Savings may also be achieved in domiciliary care through appropriate alterations in the home. Care and Repair England has estimated that every year of delay to necessary home adaptations can increase homecare costs by £4,000, the equivalent of providing safe showering or bathing facilities. Additionally, further homecare needs can be avoided through timely home adaptations, as residents can maintain their independence for longer and thereby require less assistance with daily tasks such as washing and cooking.
Conclusion
Home adaptations, as funded by DFGs, are an effective means of preventing falls and thereby reducing demand for acute care, as well as residential and domiciliary social care. Alongside the cost savings this represents for the NHS, there is also a moral imperative to allow as many older people as possible to live independent, confident lives without the pain and fear that can result from a serious fall in the home.
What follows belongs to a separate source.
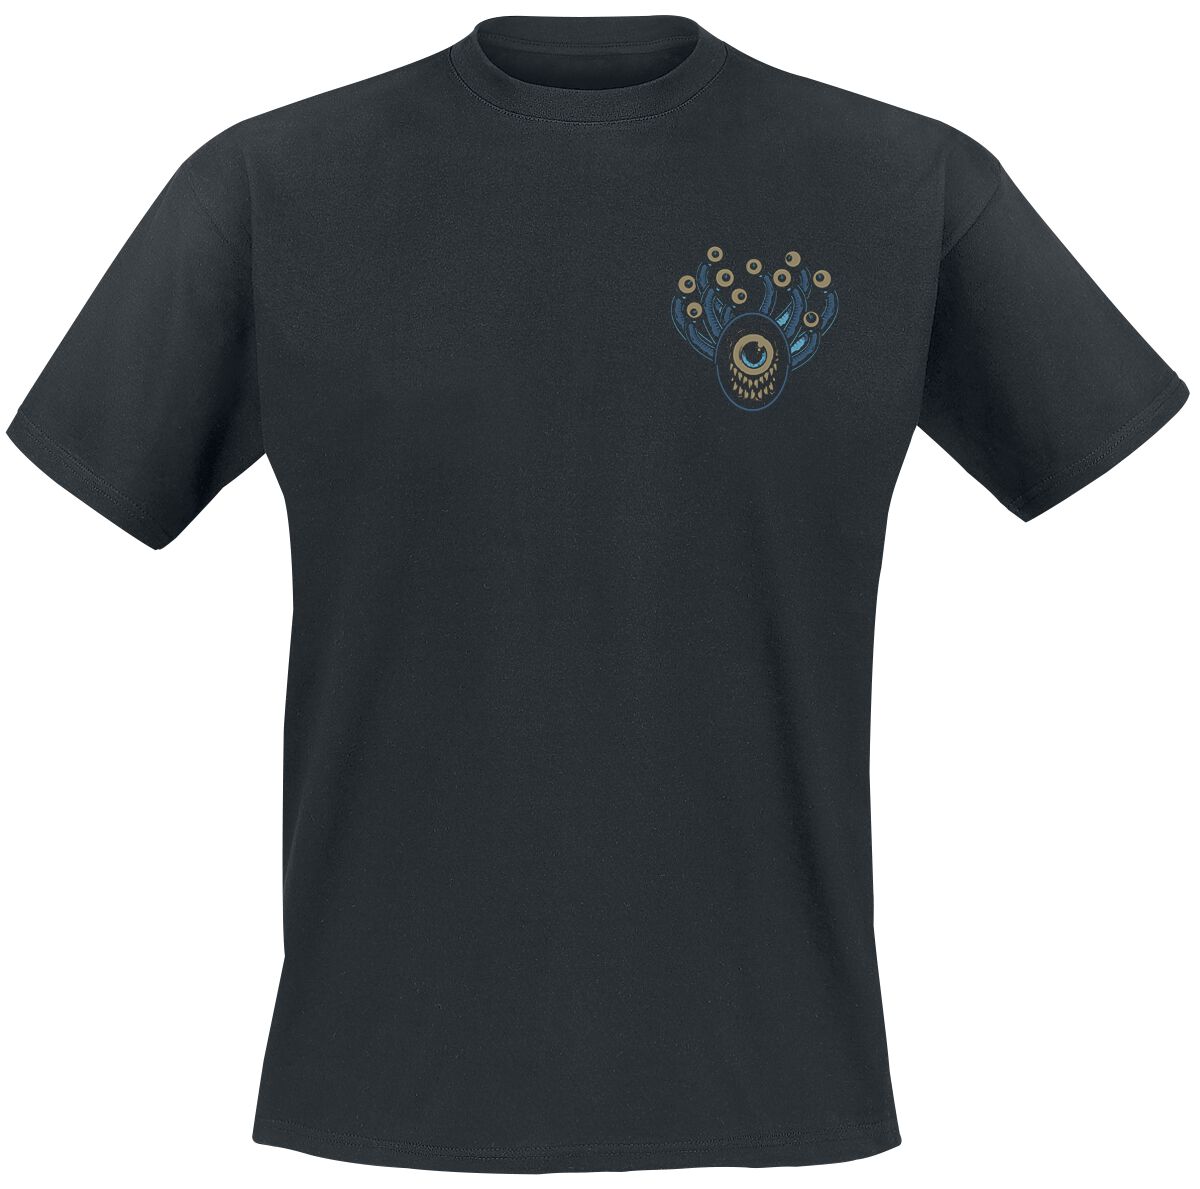 Dungeons and Dragons - Gaming T-Shirt - Hydro74 - Beholder - S bis XXL - für Männer - Größe L - schwarz  - EMP exklusives Merchandise!

Although DFGs do not solely cover the elderly and can be used to address a range of needs unrelated to falls prevention or the effects of frailty, this example demonstrates the scale of benefits that can be drawn from comparatively low-cost, one-off improvements to the home. Other research is providing further example of where this approach can deliver comparable results. For example, where homes need to be adapted to accommodate residents with spinal cord injuries.
In this context, a more rapid process of assessment, approval, and implementation could allow for resources to be left-shifted out of expensive, late-stage interventions such as hospital admissions or residential care, into a model of care more focused on prevention. Consequently, a greater number of the negative clinical outcomes which stem from falls could be prevented at a lower cost per person that is presently possible. As the population ages, the potential benefits from such an approach are set to become ever-more compelling.